Gegen die menschliche Würde
«Die Schweiz ist gegen die Todesstrafe und zwar unter allen Umständen», hält der Bundesrat in einem Communiqué vom 10. Oktober, dem Internationalen Tag gegen die Todesstrafe fest. Diese Strafe sei unvereinbar mit der Achtung der Menschenrechte, denn sie stelle eine Verletzung des Rechts auf Leben dar. Die Umstände, die mit der Anwendung der Todesstrafe verbunden seien, verletzten die menschliche Würde und das Recht jedes Menschen auf Freiheit vor Folter und vor anderer grausamer, unmenschlicher oder erniedrigender Behandlung oder Strafe, schreibt der Bundesrat weiter. Schliesslich stelle die Todesstrafe eine definitive und irreversible Negierung jeglichen Rechts dar.
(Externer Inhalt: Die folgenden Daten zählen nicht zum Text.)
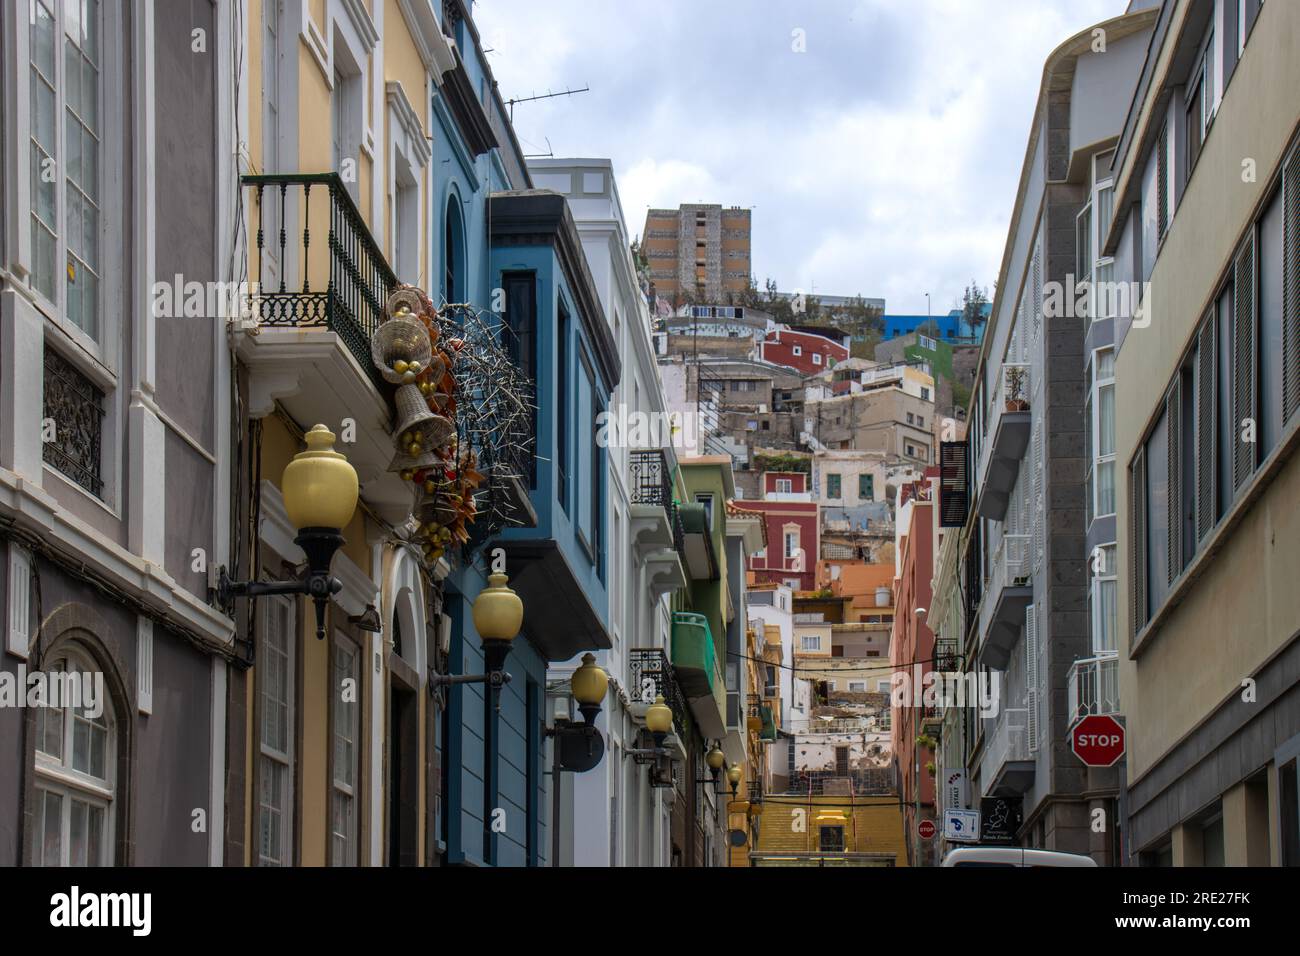 Vista inusual desde una calle del barrio de Triana a los coloridos barrios de Las Palmas, Gran Canaria, España Stock Photo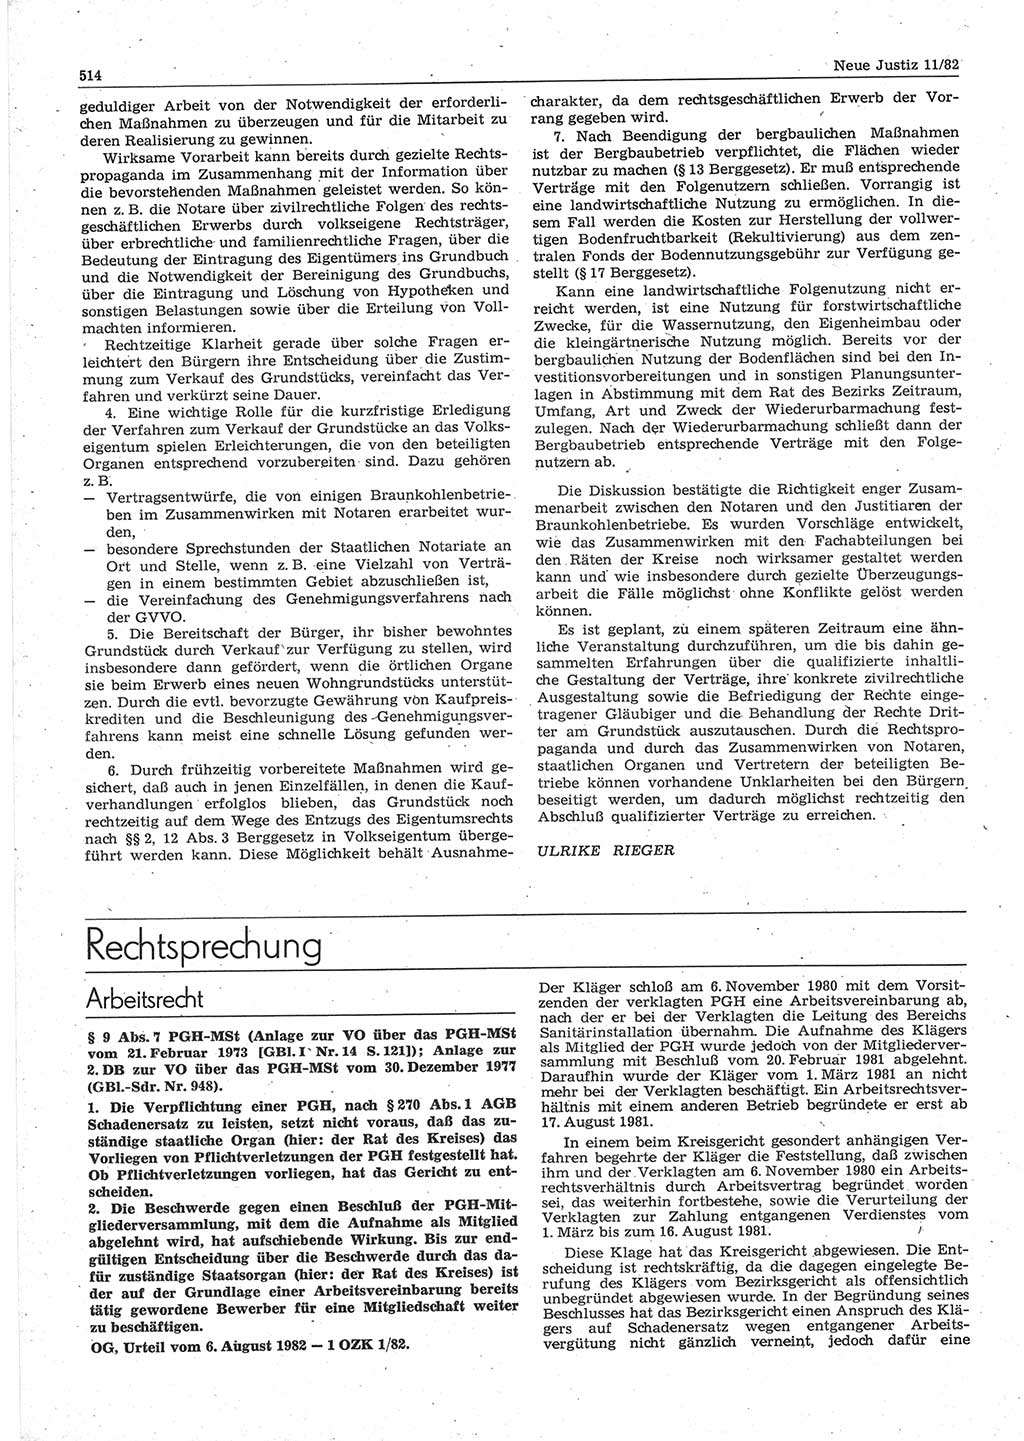 Neue Justiz (NJ), Zeitschrift für sozialistisches Recht und Gesetzlichkeit [Deutsche Demokratische Republik (DDR)], 36. Jahrgang 1982, Seite 514 (NJ DDR 1982, S. 514)

Der Bund beabsichtigt, die Abschaffung der Todesstrafe in kleinen Schritten zu verwirklichen und dort anzusetzen, wo in absehbarer Zeit die konkreten Bedingungen für Verurteilte und ihre Angehörigen verbessert werden können. Vermehrt soll die Auswirkung der Todesstrafe auf das unmittelbare Umfeld der Verurteilten ins Zentrum rücken. Von Bedeutung ist hierbei insbesondere der Zusammenhang mit den Rechten allfälliger minderjähriger Nachkommen, die aufgrund der UNO-Kinderrechtskonvention besonderen Schutz geniessen.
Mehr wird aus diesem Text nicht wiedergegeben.